Carolyn Tate:     Sorry. I was just going to share something with you around my own highest purpose. My highest purpose is to write books that really matter. I never had the courage to call myself an author or to own that purpose and to say that I am here to write books that truly matter. Now my next book isn’t a business book. I’ve already got it in my head, it’s going to be a novel. I’ve got the theme going and the characters and it’s already in my head. I know that writing books is actually my highest purpose and it’s the thing that when I’m doing it, I don’t think I should be doing something else. I’m writing and it just feels like there’s nothing else that I need to do. If I was told tomorrow that I couldn’t write anymore books, that I couldn’t write full stop, I wouldn’t want to tell you the ramifications of that.

I think it’s a rare person that can get to that point where they just know they have work to do without any guarantee of success. I do not know how this new book is going to be received. I have no idea but even if it’s not well received, I still know that I’m going to write my next book. That’s taken me seven years of explorations. I will have written five books in ten years. I don’t say that to brag. I’m saying that to show that when you keep showing up and having to do that thing, and do that thing, and do that thing regardless of what other people think, just putting your heart out into the world as you know Kylie, is the most … It takes your breath away. It’s so fear inducing. Like last night I came home from Queensland and I went to bed and I was just gripped in this panic of fear like my whole body was gripped with fear about the fact that I’m about to
release this book.

I think that that’s a good thing. I’m not judging that it’s good or it’s bad, it just shows that I’m human and I’m still pushing forward to do this work despite the incredible fear that I was feeling. And so that’s what we’re trying to aim towards, I think.

Kylie Lewis:      It’s the courage to show up when there is no certainty and that’s the very definition of vulnerability. Part of the reason why we operate from fear is because we’re afraid of being vulnerable because we’re afraid of putting ourselves out there and the judgement and the rejection and all of those things that come with the idea of seeing vulnerability as a weakness rather than it being seen as that greatest measure of courage. When you are deeply uncomfortable, like you mentioned, the waking up in the middle of the night going, “What the hell am I doing? [inaudible 00:41:43].” That’s the sign that we need to say this is important work to us. It’s looking for those cues in our lives that says, “I can’t but help do this.” You know?

Carolyn Tate:      Yes. Beautiful.

Kylie Lewis:      I was at a conference on the weekend with a bunch of creatives and they were talking about, “I don’t really have a choice in whether or not I do this, it’s just what I’m drawn to be in the world.” We often hide in fear of what that might look like if we dared to show up like that because it’s vulnerable and it’s uncertain. The question that I was actually wanting to ask you which led into this conversation was, what’s the cost of not doing that?

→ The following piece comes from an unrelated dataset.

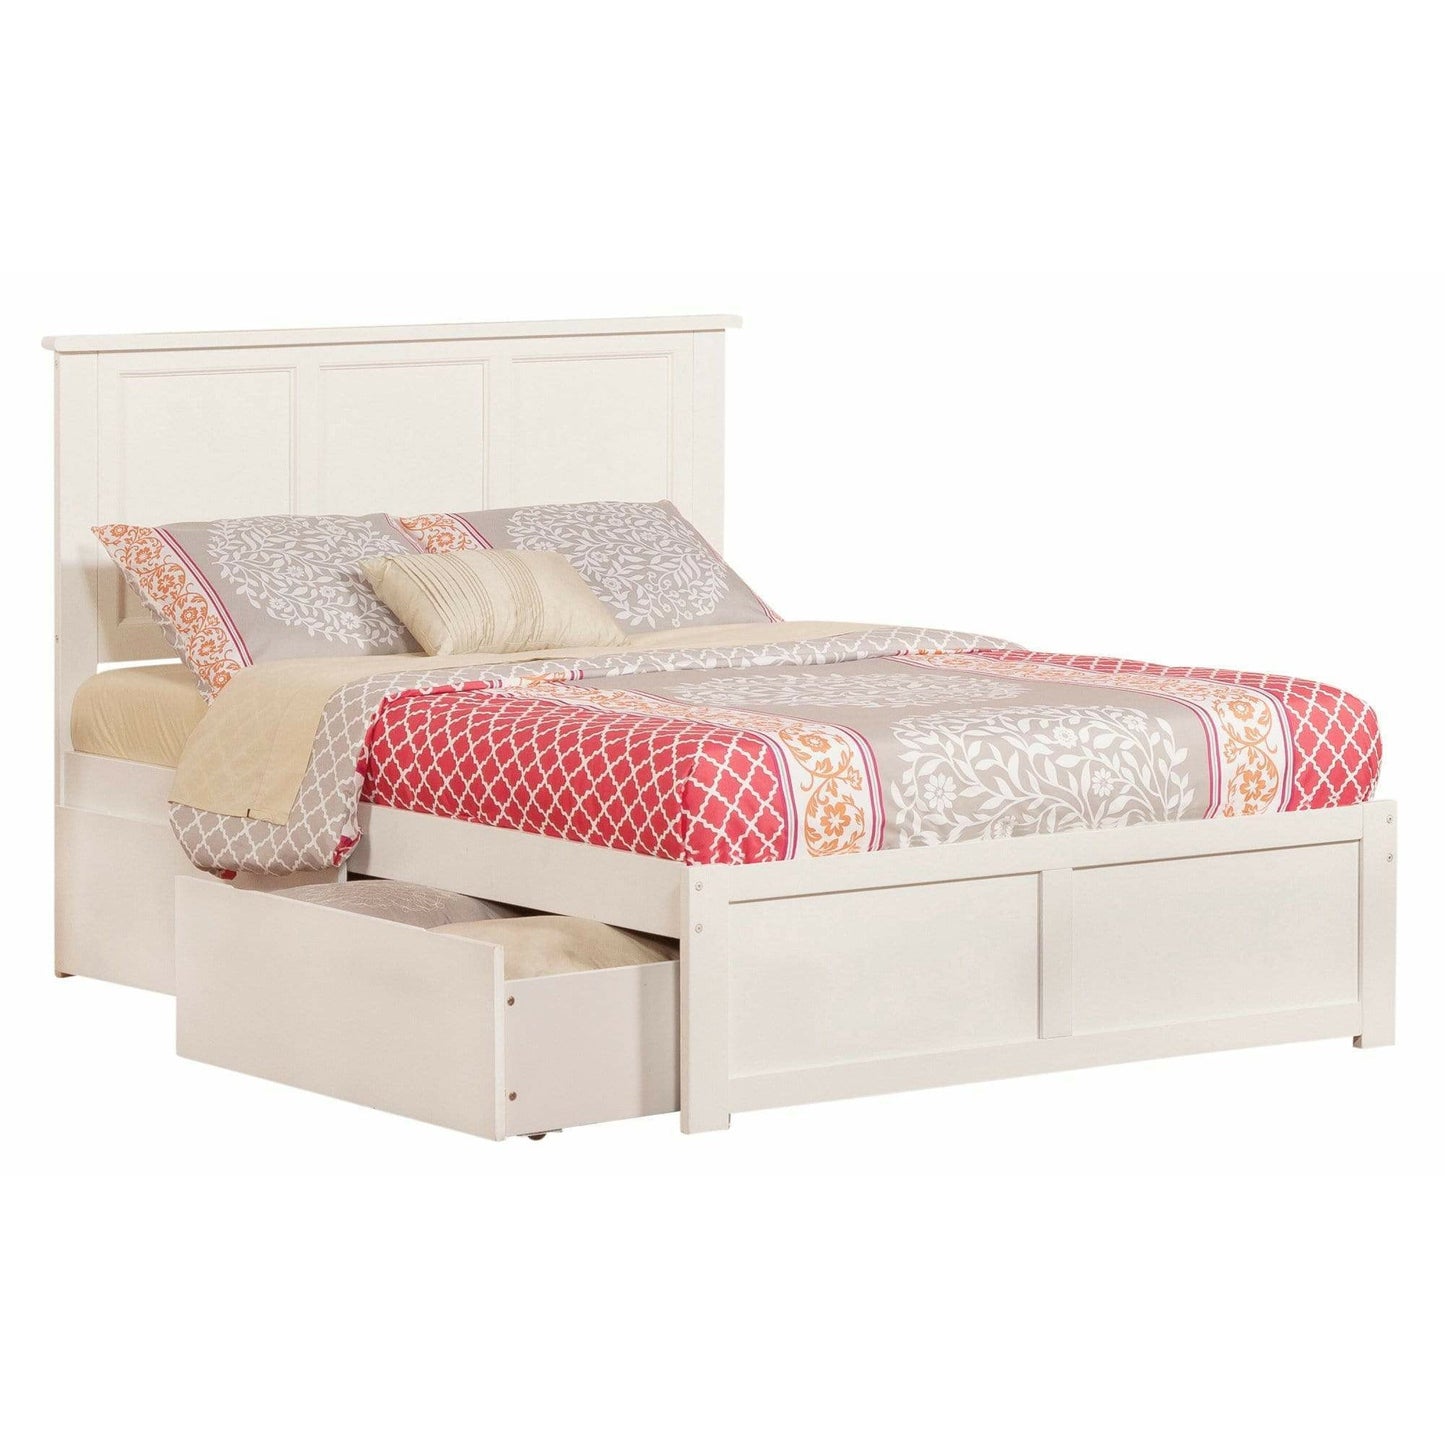 Atlantic Furniture Bed White Madison Full Platform Bed with Flat Panel Foot Board and 2 Urban Bed Drawers in Espresso

Carolyn Tate:      Well, the cost of not doing it is that we live an unfulfilled life. The book that Bronnie Ware wrote it’s called The Top Five Regrets of the Dying. She interviewed many, many people in their last days before they were dying and she asked them what their biggest regrets were and the number one regret was not living a life true to myself and living the life that others had dictated for me. Something to those words. Not having the courage to live a life true to myself. I think that that is a really, really interesting carriage to live the life true to ourselves.

Really we’ve come out of the industrial age where we’ve been all indoctrinated to become workers and consumers and the more we consume, the more we need to earn and work and then the more we need the consumption. We’ve been given this very, very flawed and unhelpful definition of what success really means and that definition is very much attached to money and qualifications and job titles and the car we drive and the things that we own. That is actually part of what we need to do is to redefine what success means to us. To think about when we do [inaudible 00:44:33] or when we are remembered after we’re gone that we actually did all we could to make an impact and to do what we’re passionate about and not conform.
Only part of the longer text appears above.